Your theory seems completely arbitrary to me and I can only stare in perplexity at the graphs you build on top of it, but moving on:
Really? Maybe you should restate it all in mainstream terms and you won’t look crazier than a bug in a rug.
Incidentally, would I be correct in guessing that Robert Pirsig never replied to you?
That quotation looked crazy to me too. But maybe it’s a way of saying “experience is analog, symbols are discrete”. Tuukka’s system looks like a case study in how a handful of potentially valid insights can be buried under a structure made of wordplay (multiple uses of “irrational”); networks of concepts in which formal structures are artificially repeated but the actual relations between concepts are fatally vague (his big flowchart); and a severe misuse of mathematical objects and propositions in an attempt to be rigorous.
When an ordinary crackpot does something like this, they’ve sealed themselves into an earnest personal theory of everything, and the only way out would be for someone smarter to come along, decode their work, and patiently isolate and explain all the methodological fallacies, something which never happens. Occasionally you get someone who constructs their system in the awareness that it’s a product of their own mind and not just an objective depiction of the facts as they were found—someone who knowingly creates a crackpot synthesis out of choice, rather than just being driven to do so by unexamined compulsions. That’s less pitiful, but it’s still annoying. I’m not sure where Tuukka lies on this spectrum.

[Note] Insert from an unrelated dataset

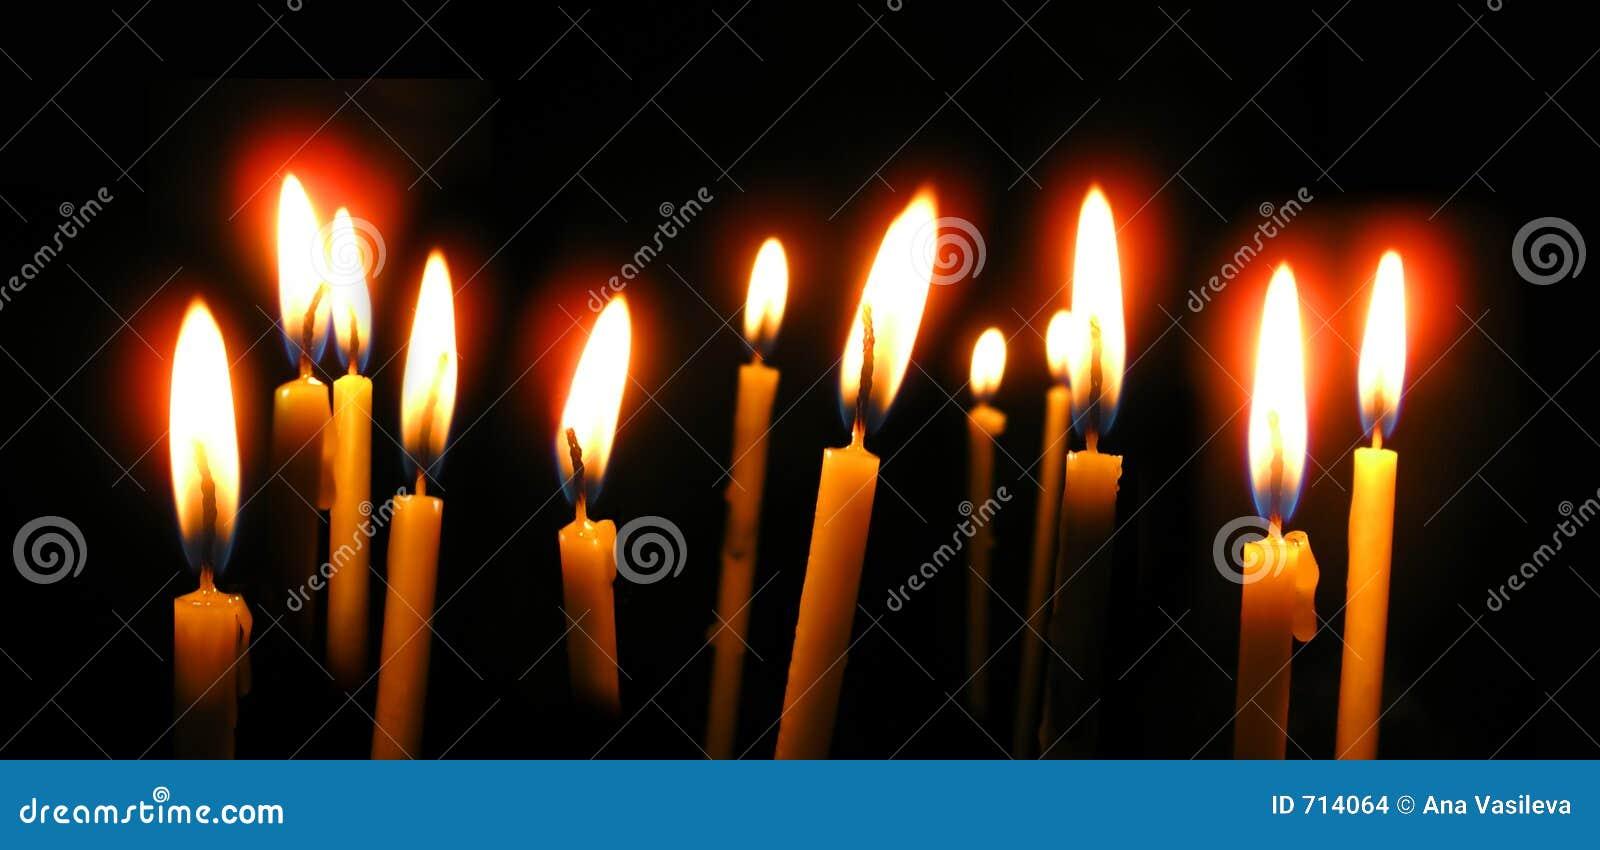 Orthodox Church Wax Candles

ETA In retrospect I regret the somewhat abusive character of this description. But I believe the bitter fact to be that Tuukka needs help in precisely the sense that I said will never happen. Even though he talks about all sorts of very interesting topics, what he says about them is mostly idiosyncratic interlocking nonsense. The aspiration to discover and convey truth, in a hostile and uncomprehending environment, has produced, as if by perverse chemical reaction, a set of exterior traits which serve to repel precisely the people he wants to attract. Having written his sequel to Pirsig he now needs to outgrow that act as soon as possible, and acquire some genuine expertise in an intersubjectively recognized domain, so that he has people to talk with and not just talk at.
It doesn’t seem likely to me. The quotation contains “continua” twice (I assume that would be the “analog”) but I can’t find anything that could be plausibly interpreted as referring to either discreetness or experience. How did you arrive to your suggested interpretation?

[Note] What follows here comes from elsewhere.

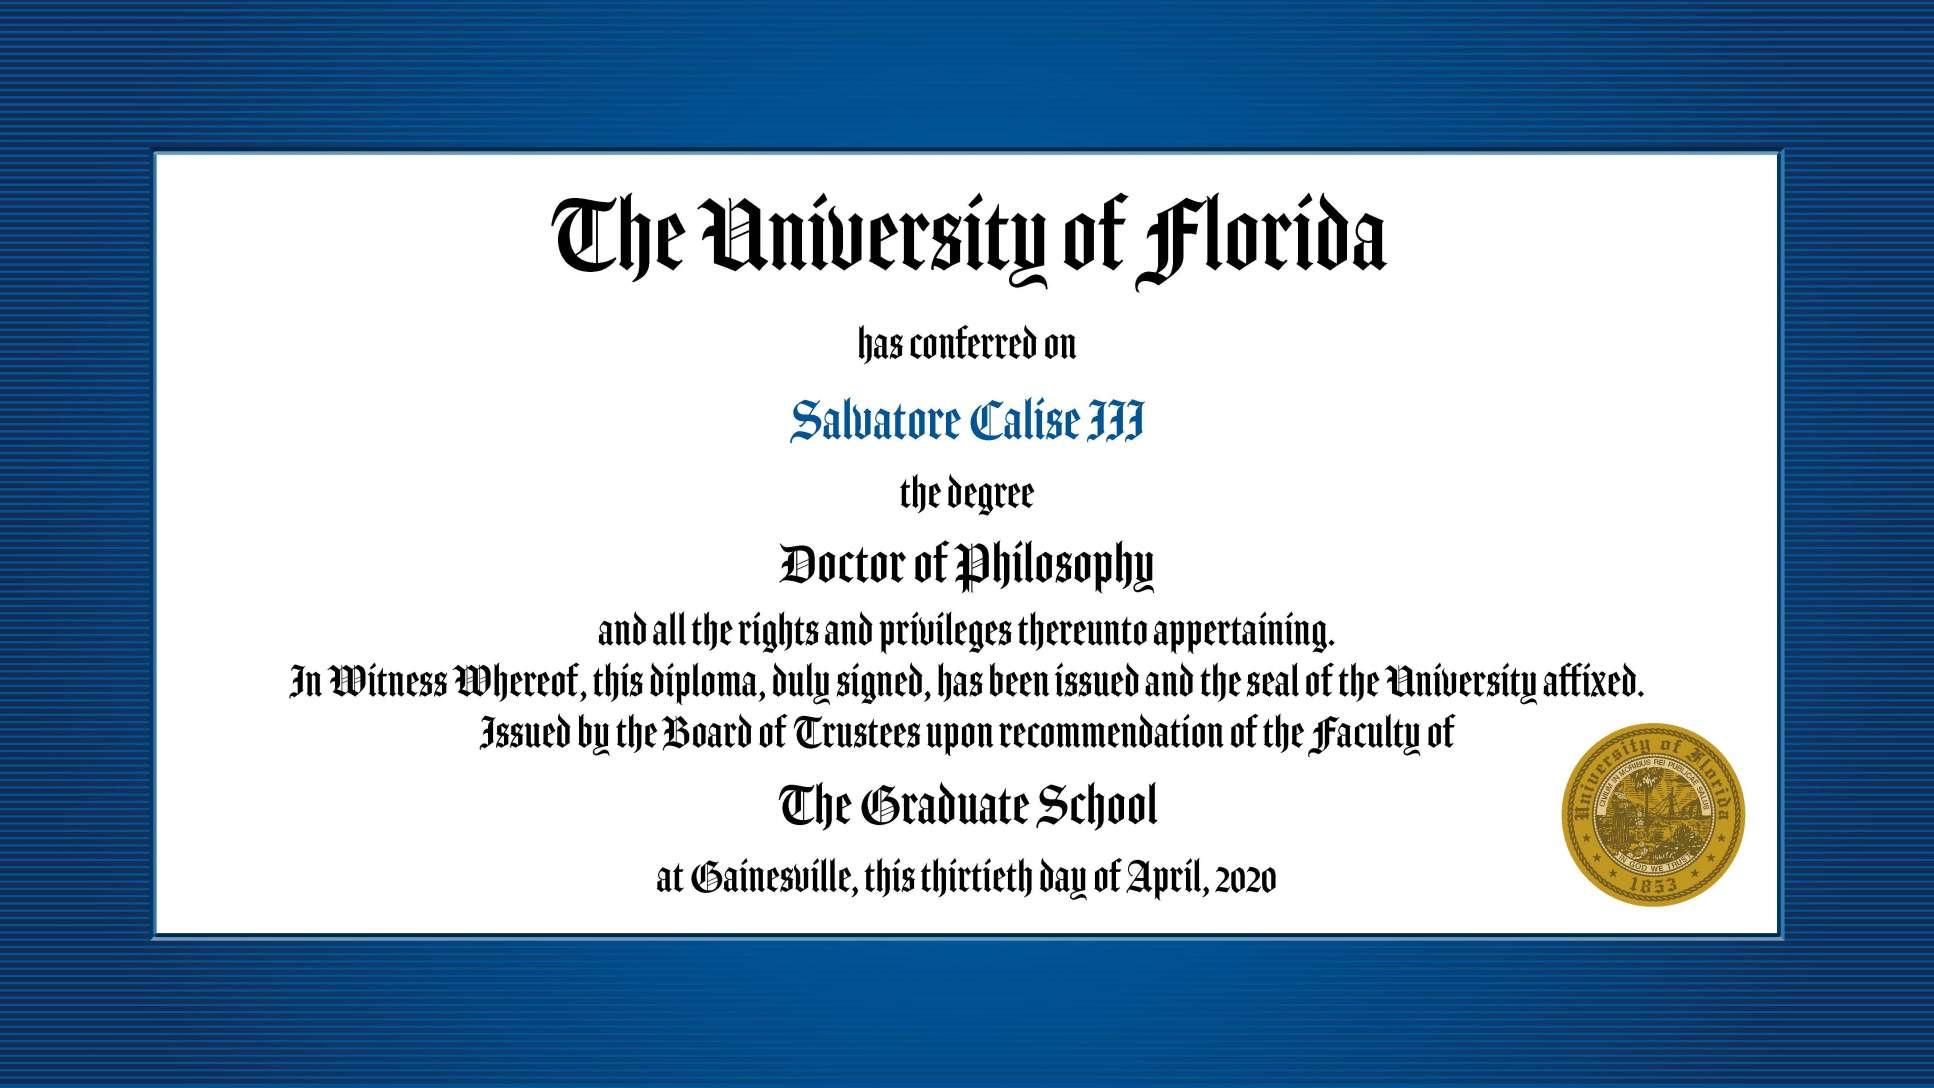 Doctor of Philosophy diploma for John Calise

The jargon of “knowledge by acquaintance” and “knowledge by description” comes from Bertrand Russell. Knowledge by acquaintance is “direct” or “experiential” knowledge, such as knowledge of a pain or other sensation that you’re having. Knowledge by description is second-hand knowledge obtained by processing a proposition, e.g. your knowledge of my pain on the basis of what I tell you about it.
What I was picking up on in Tuukka’s statement was that the irrationals are uncountable whereas the rationals are countable. So the rationals have the cardinality of a set of discrete combinatorial structures, like possible sentences in a language, whereas the irrationals have the cardinality of a true continuum, like a set of possible experiences, if you imagined qualia to be genuinely real-valued properties and e.g. the visual field to be a manifold in the topological sense. It would be a way of saying “descriptions are countable in number, experiences are uncountable”.
Unless I missed something, I’m only seeing one out of the three things he was stating were necessary.